Trying to scrape all the names from this website with Python:
https://profile.tmb.state.tx.us/Search.aspx?9e94dec6-c7e7-4054-b5fb-20a1fcdbab53
The issue is that it limits each search to the top 50 results.
Since the last name search allows wildcards, I tried using one search result to narrow down subsequent search results (using prefixes). However, this approach becomes difficult when more than 50 people have the same last name.
Any other ideas on how to get every possible name from this website? Thank you!!
CodePudding user response:
Looking at the request and JS, it seems like this limit is server-side. I don't see any way to retrieve more than 50 results.
Brute-force is the only way I think you could scrape this site, and it's not so trivial. You would need to generate queries more and more specific until the response has less than 50 results.

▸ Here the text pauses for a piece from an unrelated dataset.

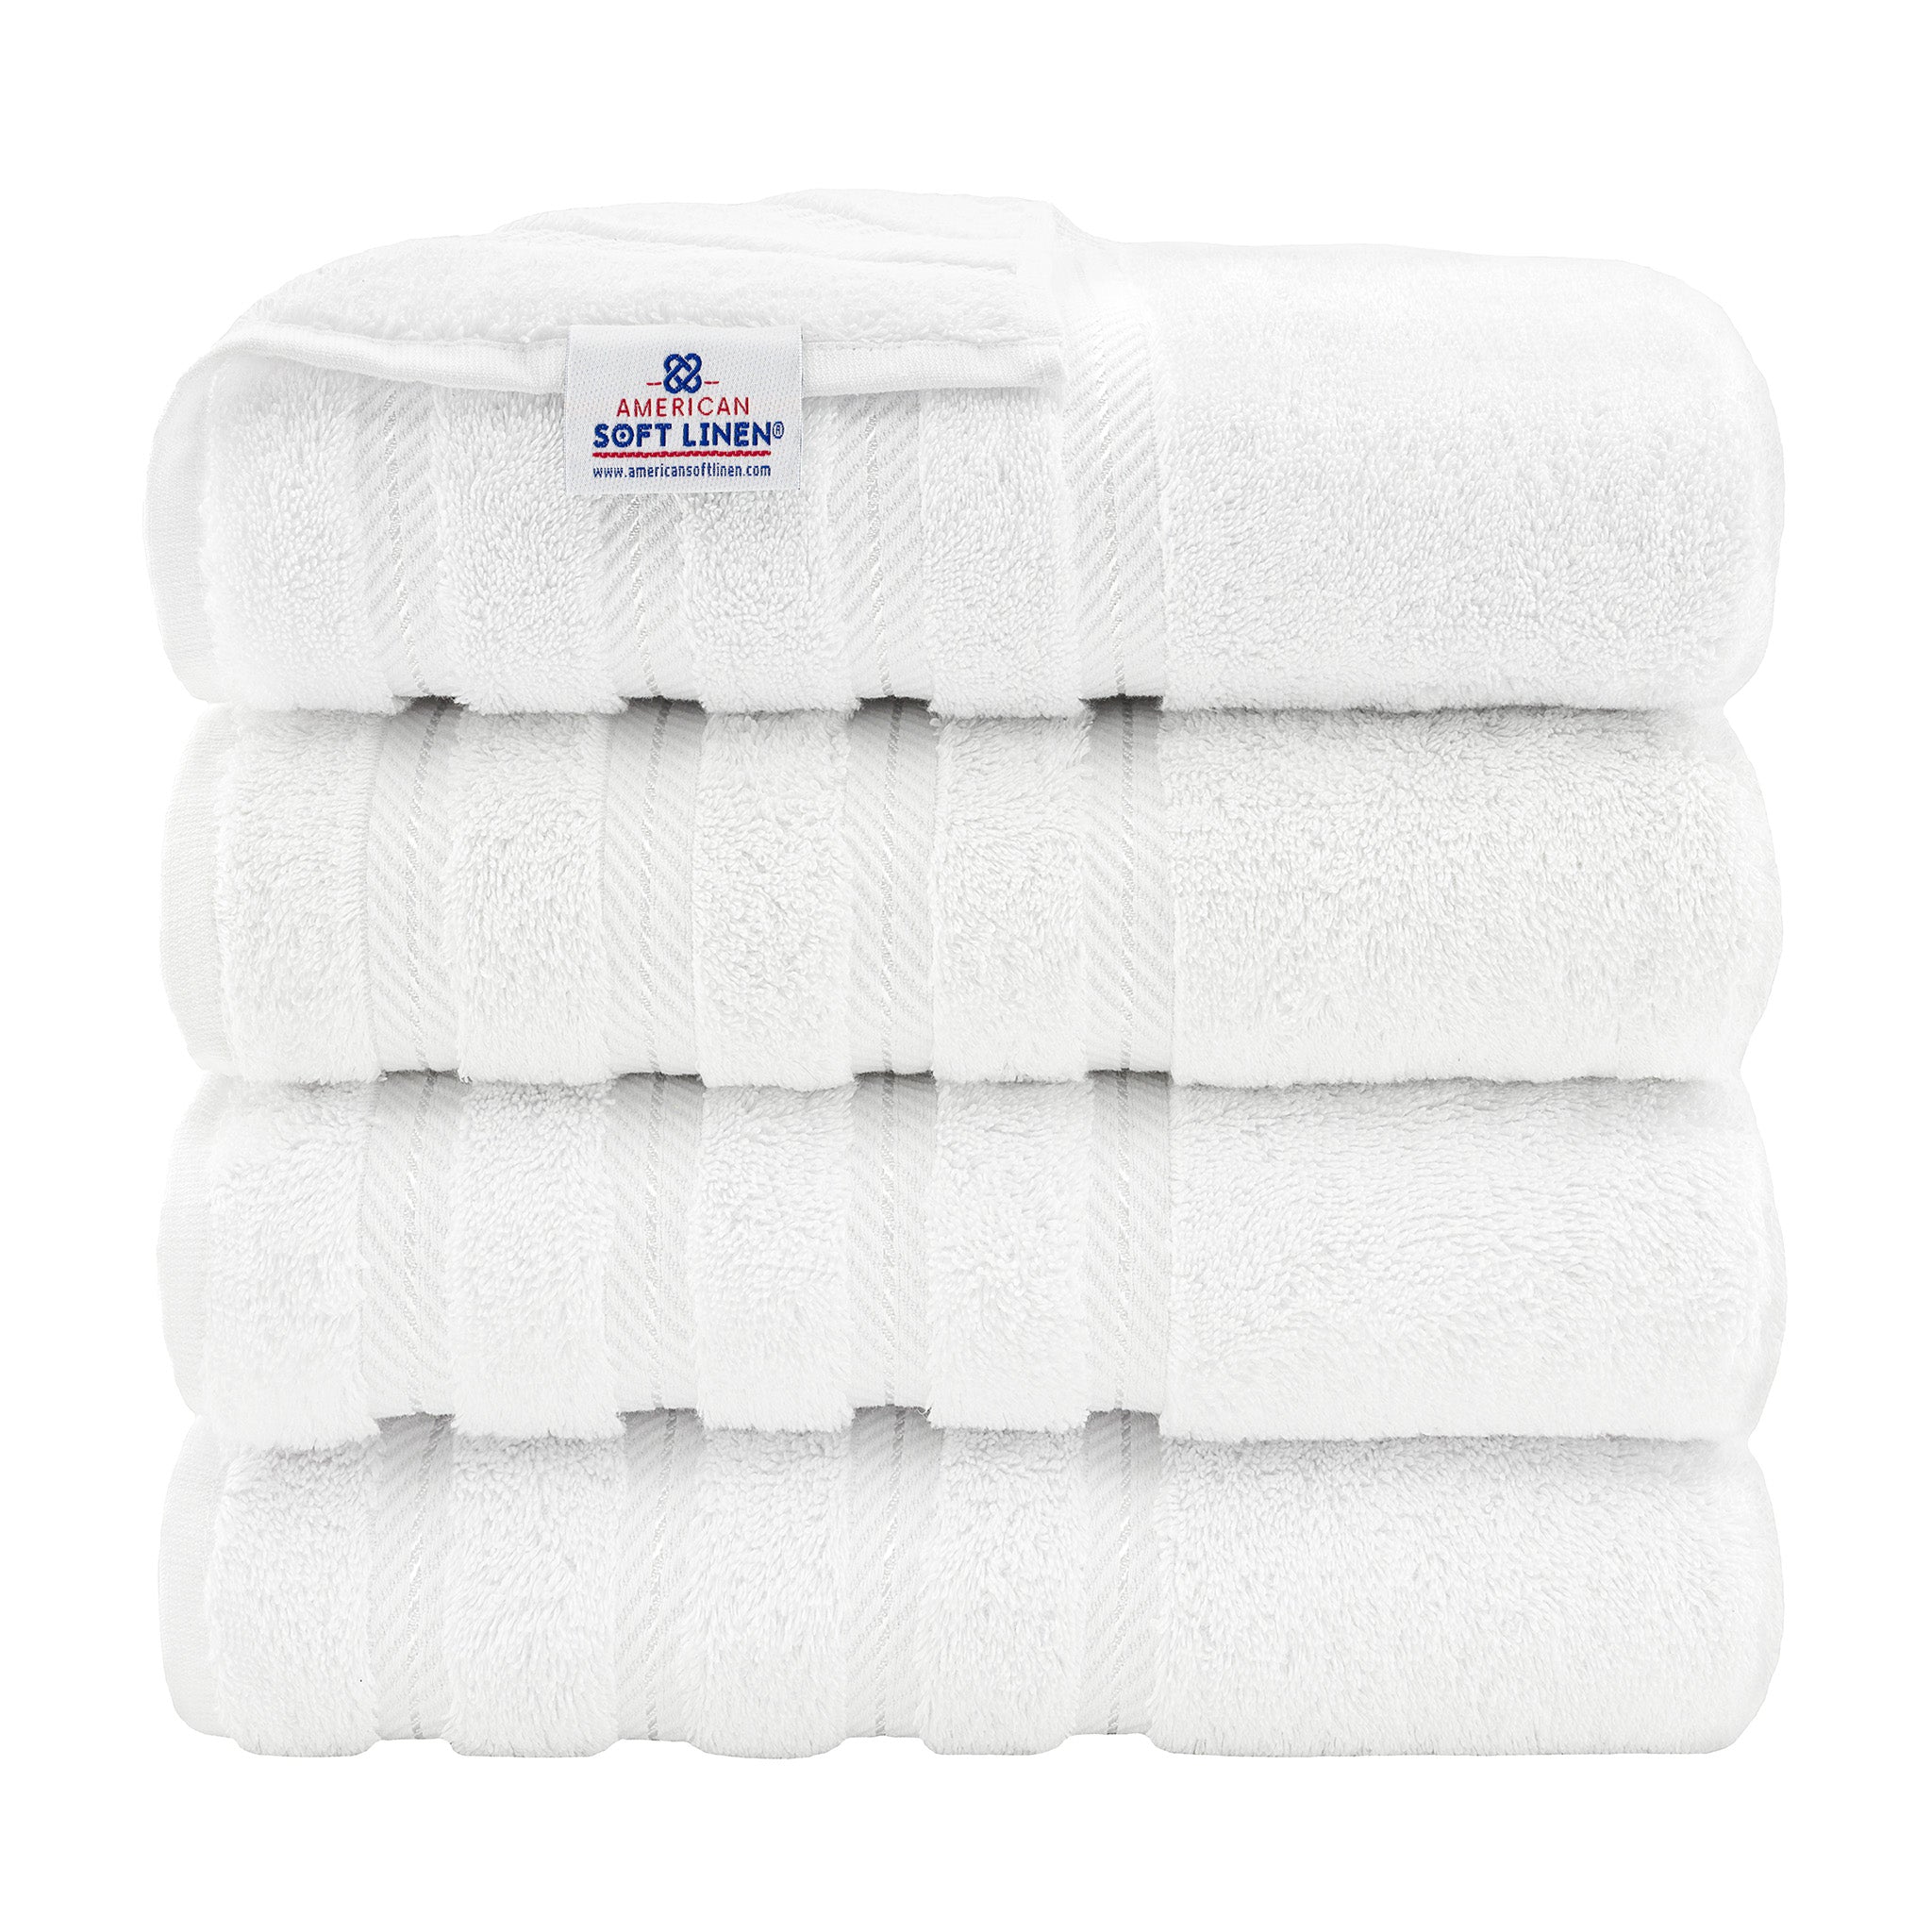 Bliss Egyptian Cotton Luxury Towels, Size: Tub Mat, Blue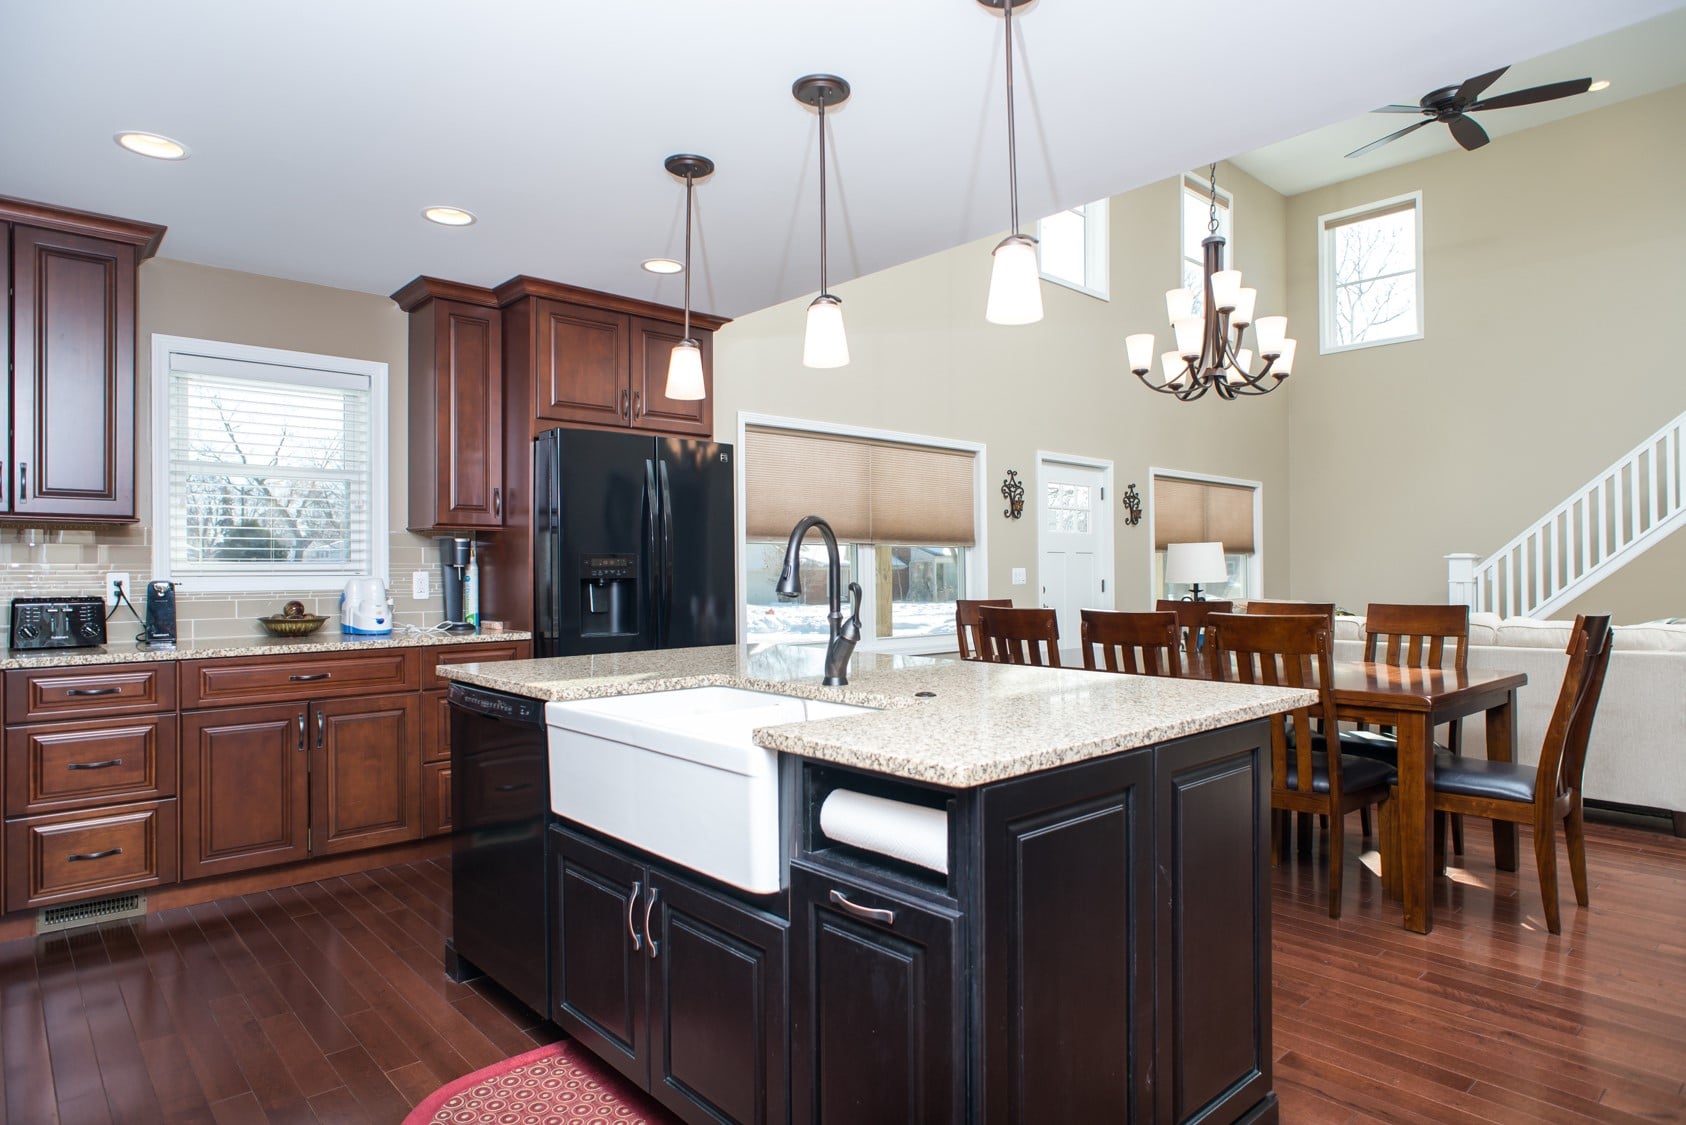 Avoid These 3 Common Kitchen Remodeling Mistakes

For each length one combination, starting with a
for example's sake, you could search a*
. If there are less than 50 results, scrape them and move on to the next combination. Otherwise you'll need to scrape all length two combinations of characters beginning with a
: aa*
, ab*
, ac*
, etc.
I'm sure there's some term for this, but I don't know it!
CodePudding user response:
I think it will be better with char decrement. Exemple AAB -> AAA. You’ll find all name that the trivial solution but it’ll take a lot of time. For the optimisation you can use headless browser.